◆ **TASK TO CARRY OUT**
In the material below, how many lines contain the word "tattoo"? The reply must be that number alone.
■ ■ ■ ■
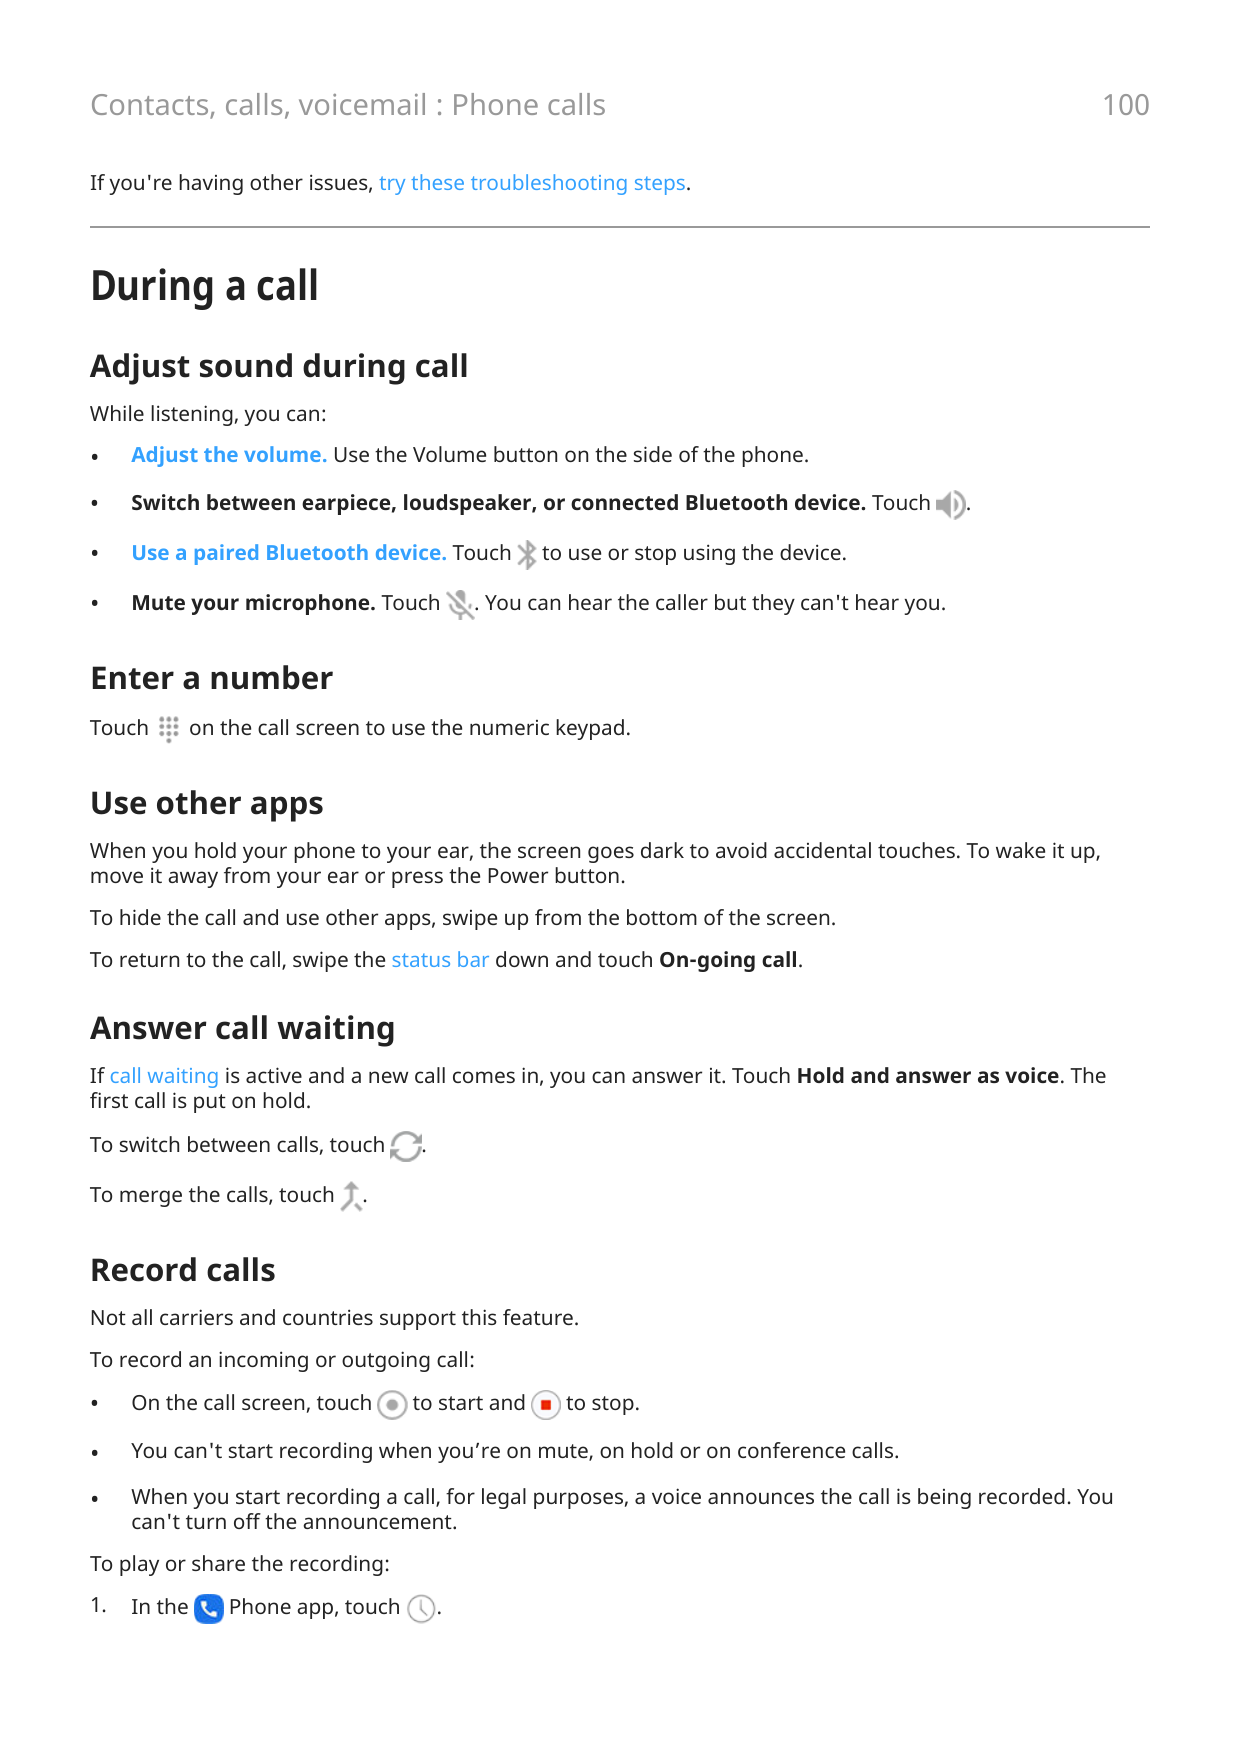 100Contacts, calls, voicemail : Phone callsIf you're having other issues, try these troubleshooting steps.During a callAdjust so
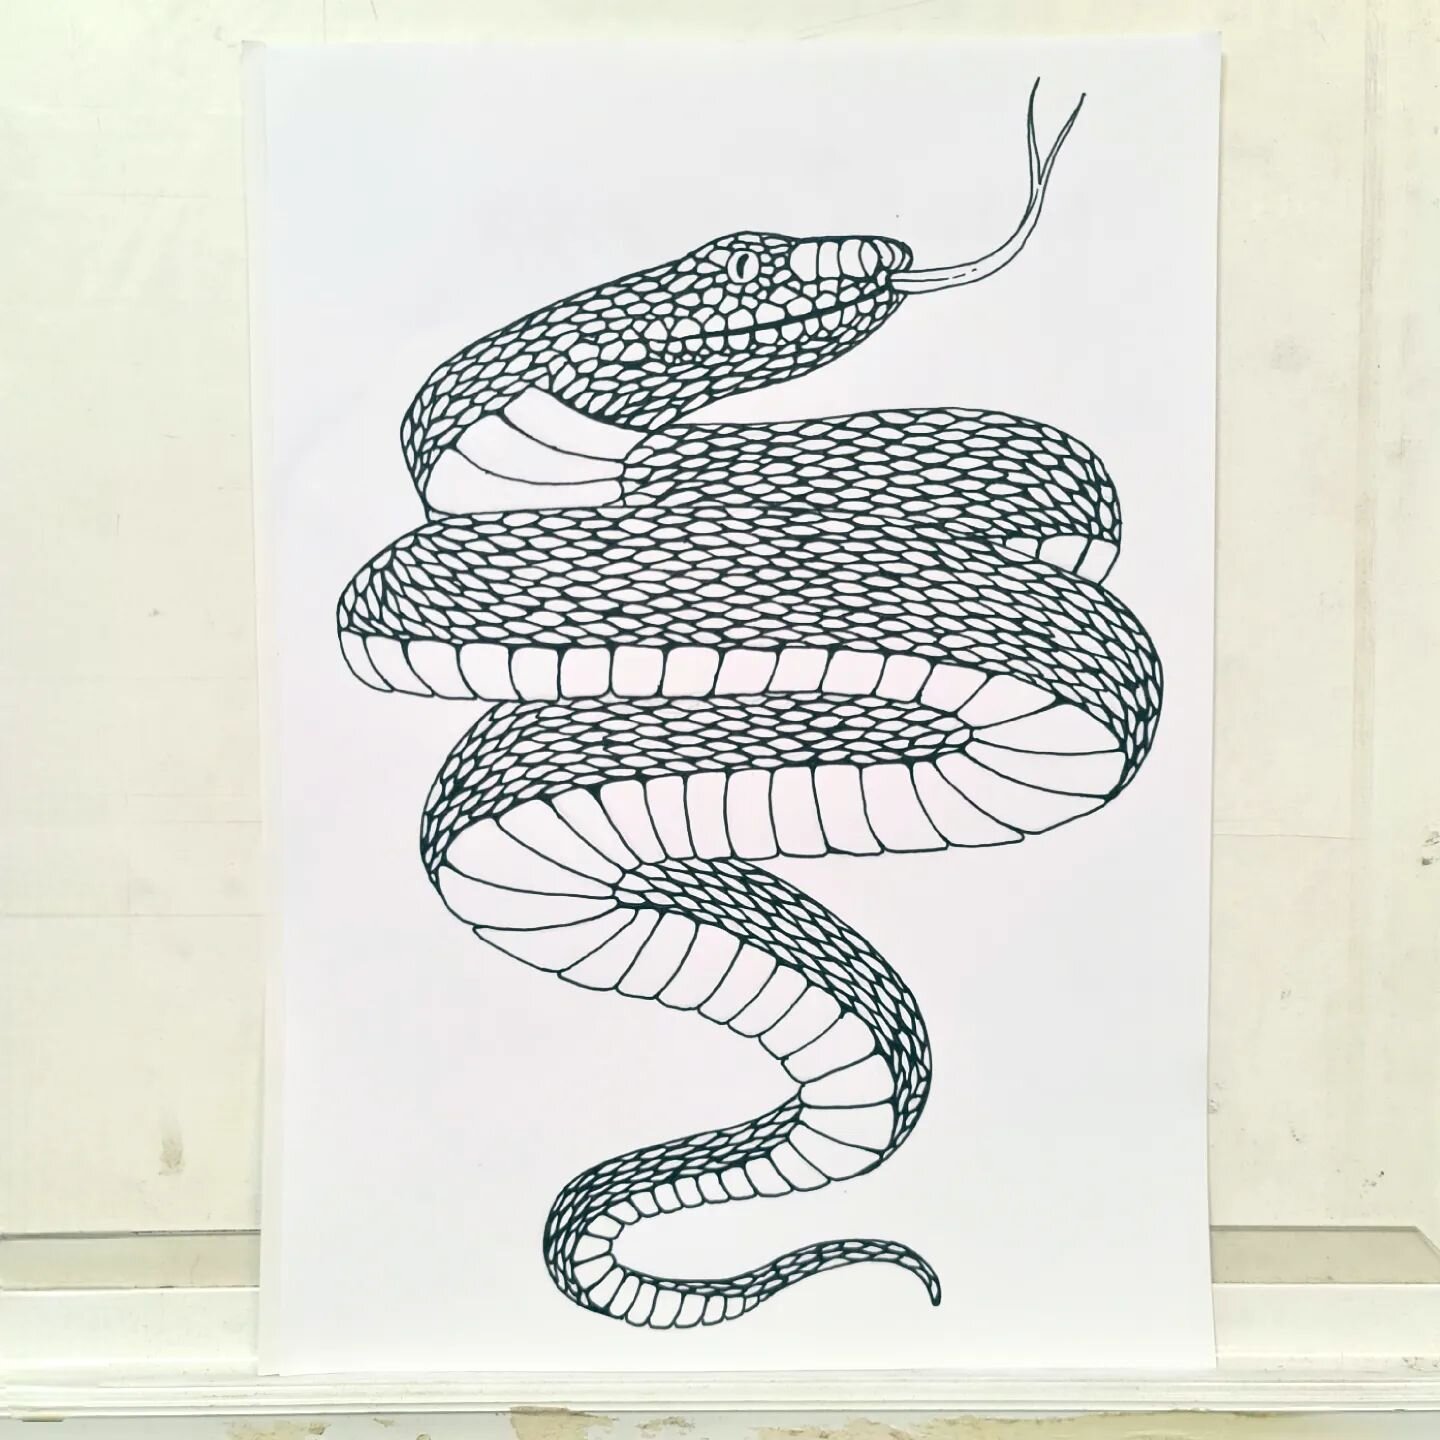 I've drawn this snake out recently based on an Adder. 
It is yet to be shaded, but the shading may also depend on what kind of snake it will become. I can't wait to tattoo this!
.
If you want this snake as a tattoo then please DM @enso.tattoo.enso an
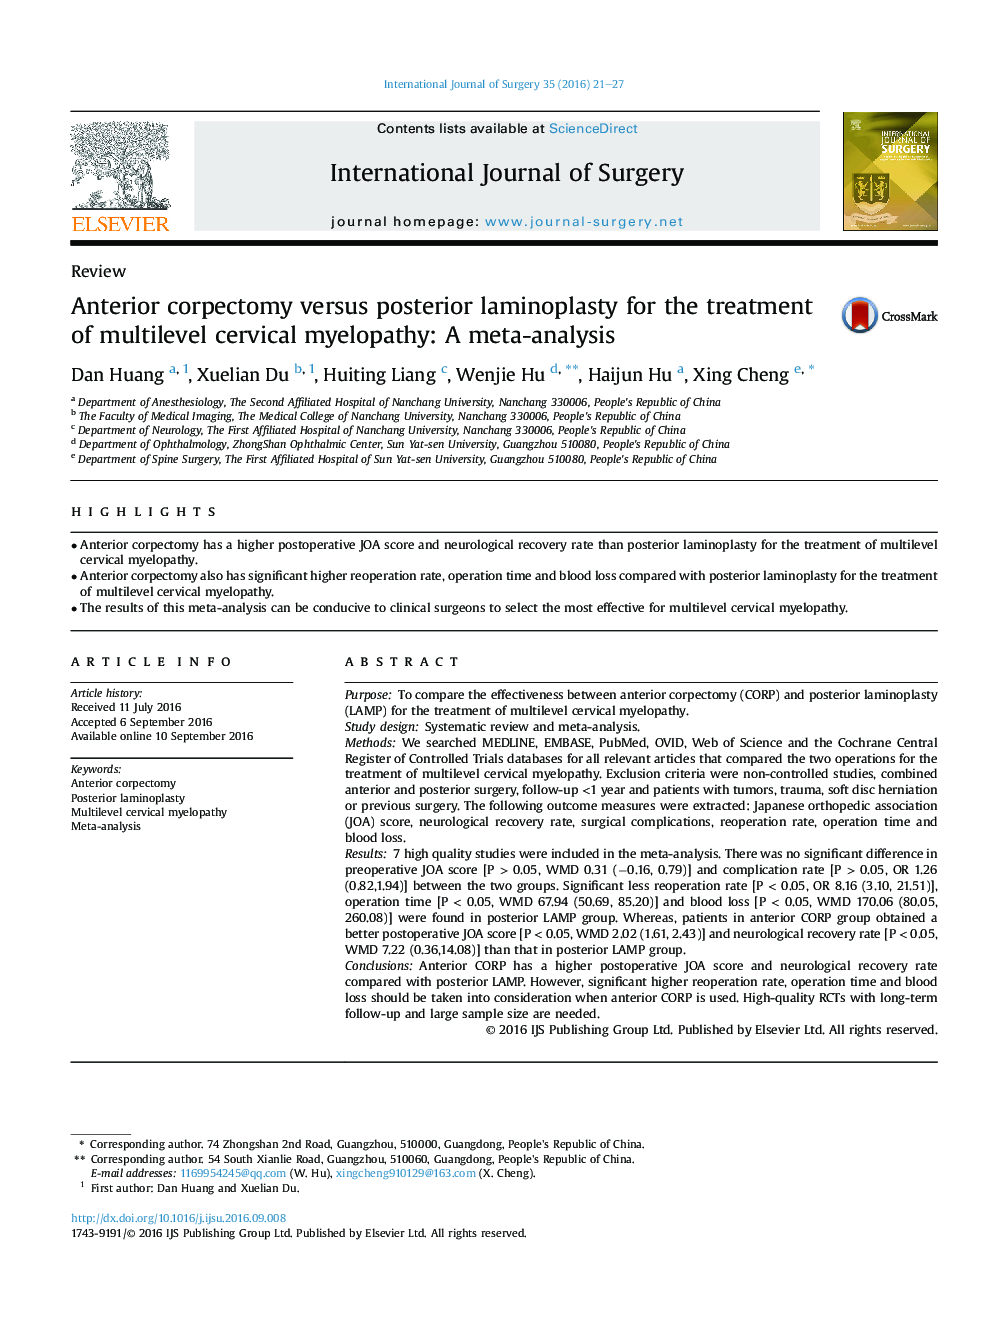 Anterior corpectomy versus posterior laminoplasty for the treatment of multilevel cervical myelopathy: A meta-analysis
■ ■ ■ ■
◆ **REPLY TO THE EXERCISE**
2